DATA FOR THIS TASK.
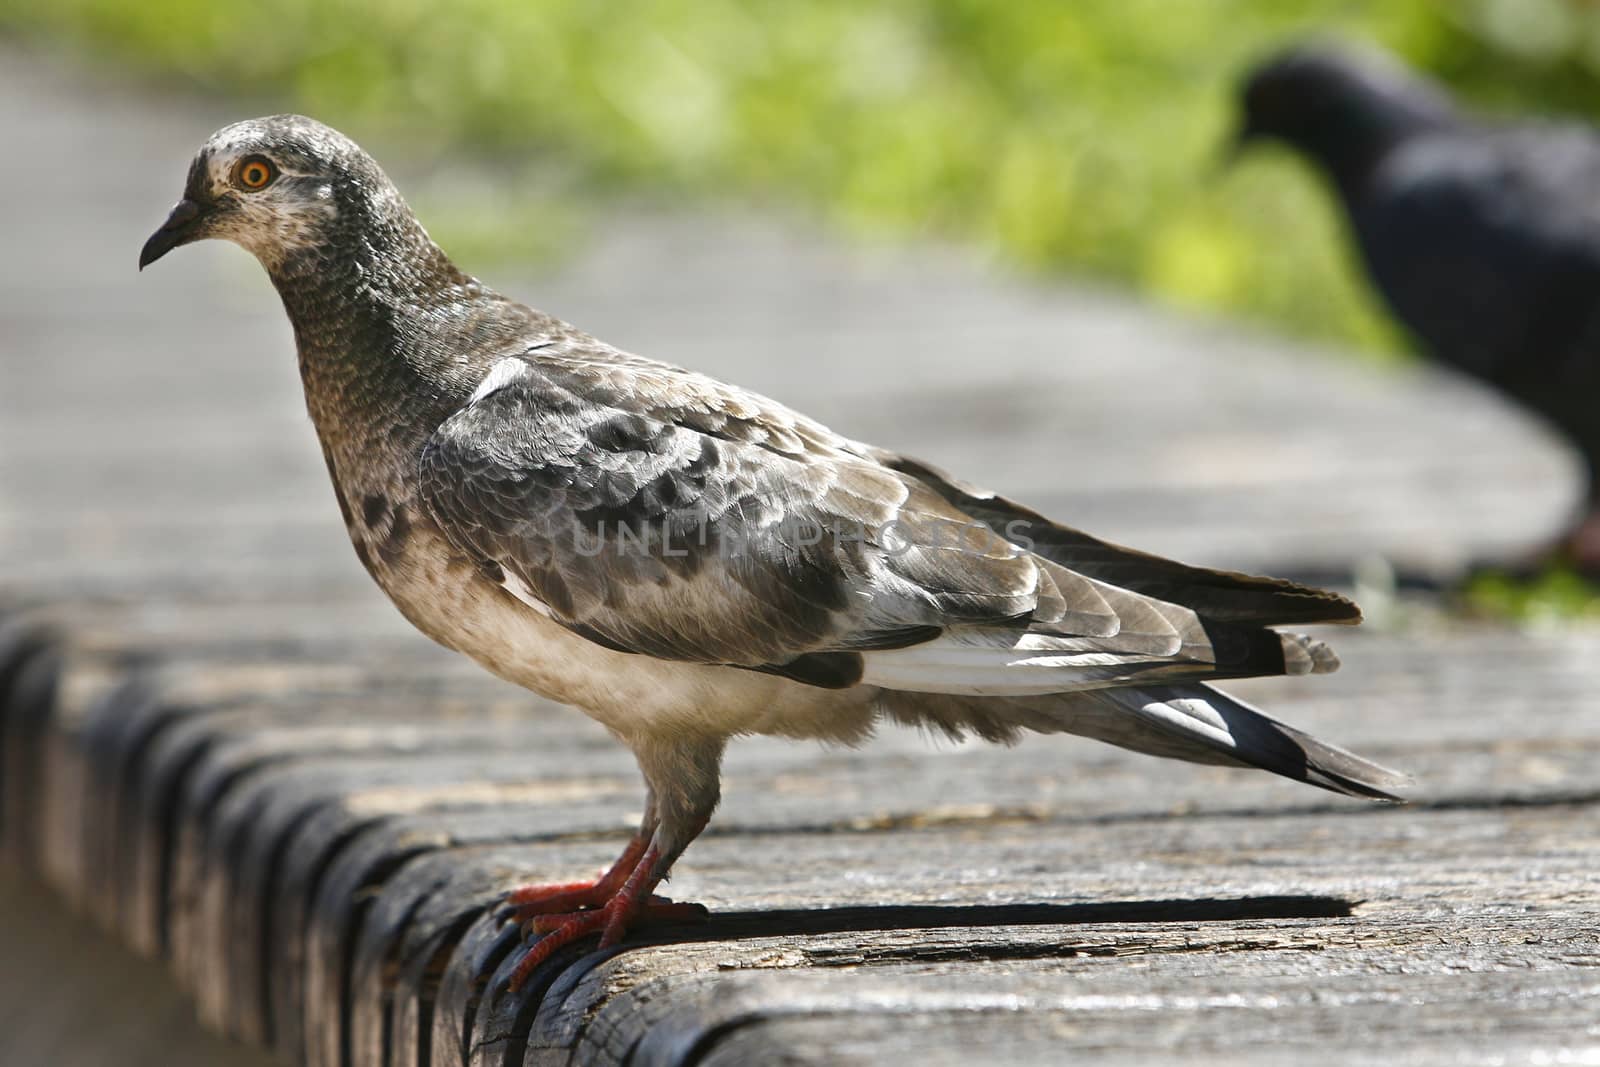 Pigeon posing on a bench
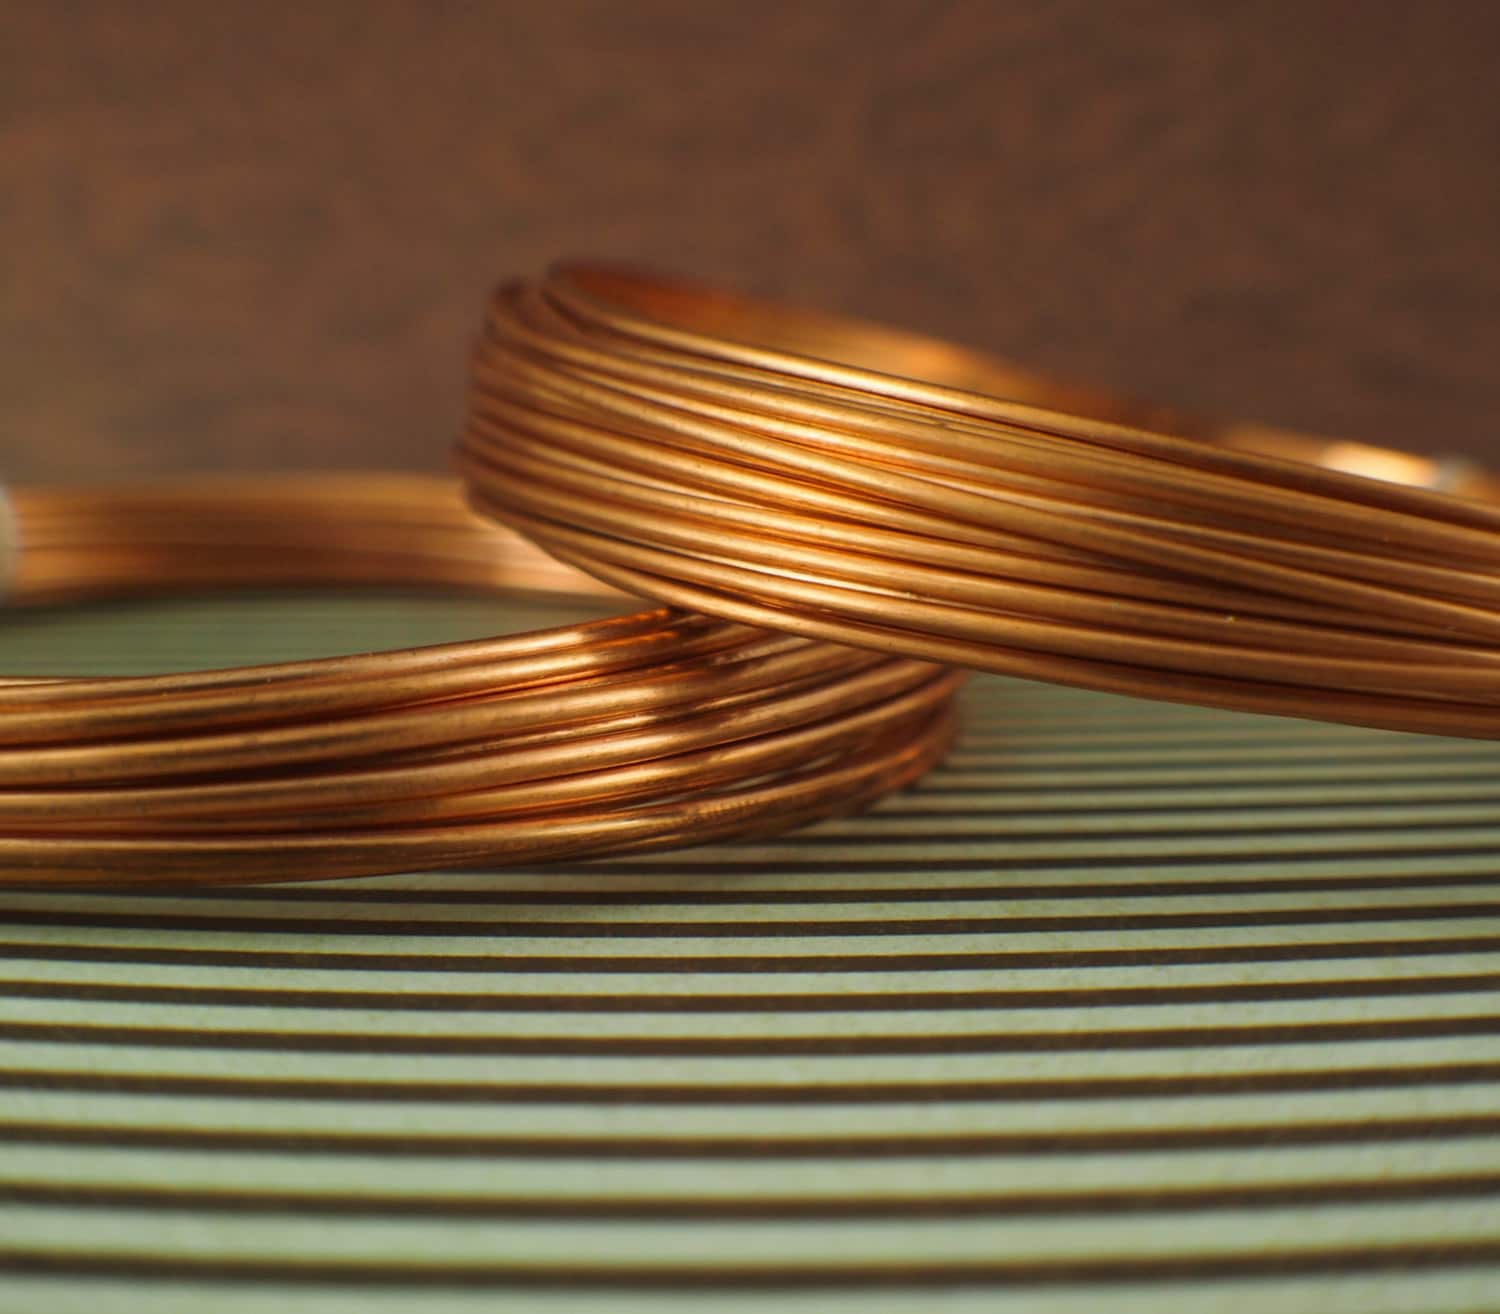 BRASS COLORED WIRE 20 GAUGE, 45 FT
...
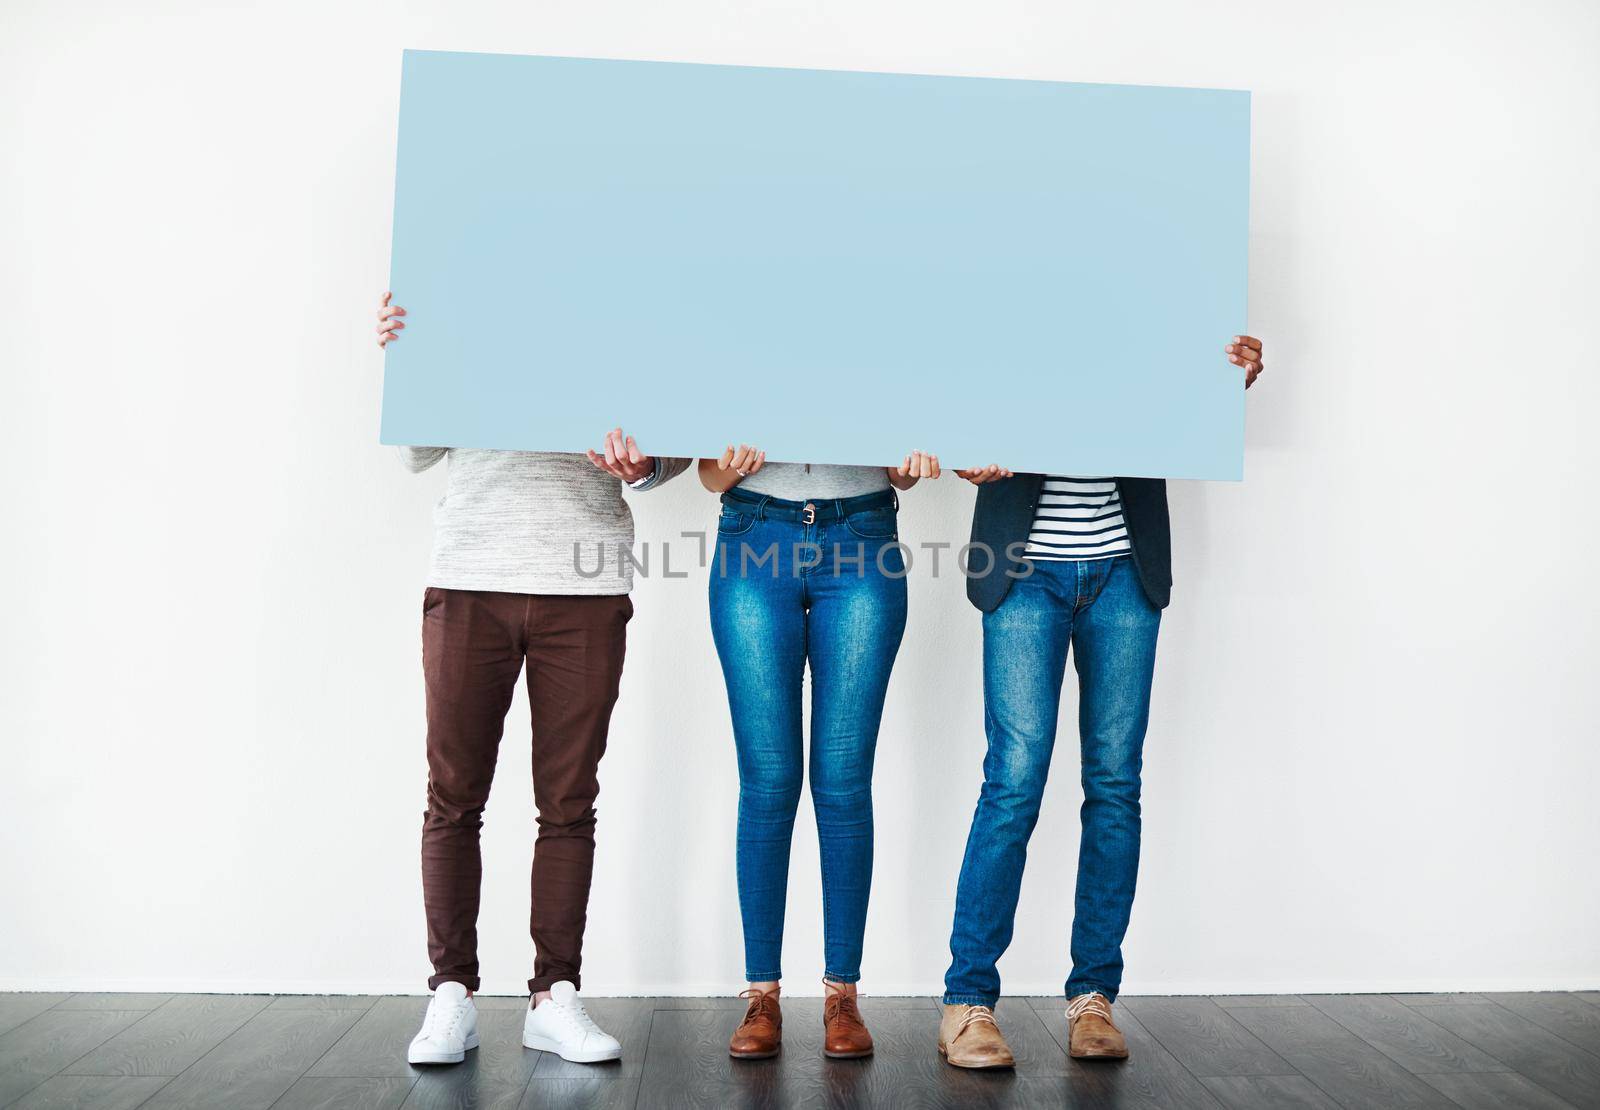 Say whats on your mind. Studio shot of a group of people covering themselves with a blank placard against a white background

WHAT IS EXPECTED. Exactly the lines starting at the one above with "Pigeon posing on a bench" and ending at the one with "BRASS COLORED WIRE 20 GAUGE, 45 FT" should be printed, and nothing else. Omit the pictures.

OUTPUT OF THE TASK.
 Pigeon posing on a bench
 BRASS COLORED WIRE 20 GAUGE, 45 FT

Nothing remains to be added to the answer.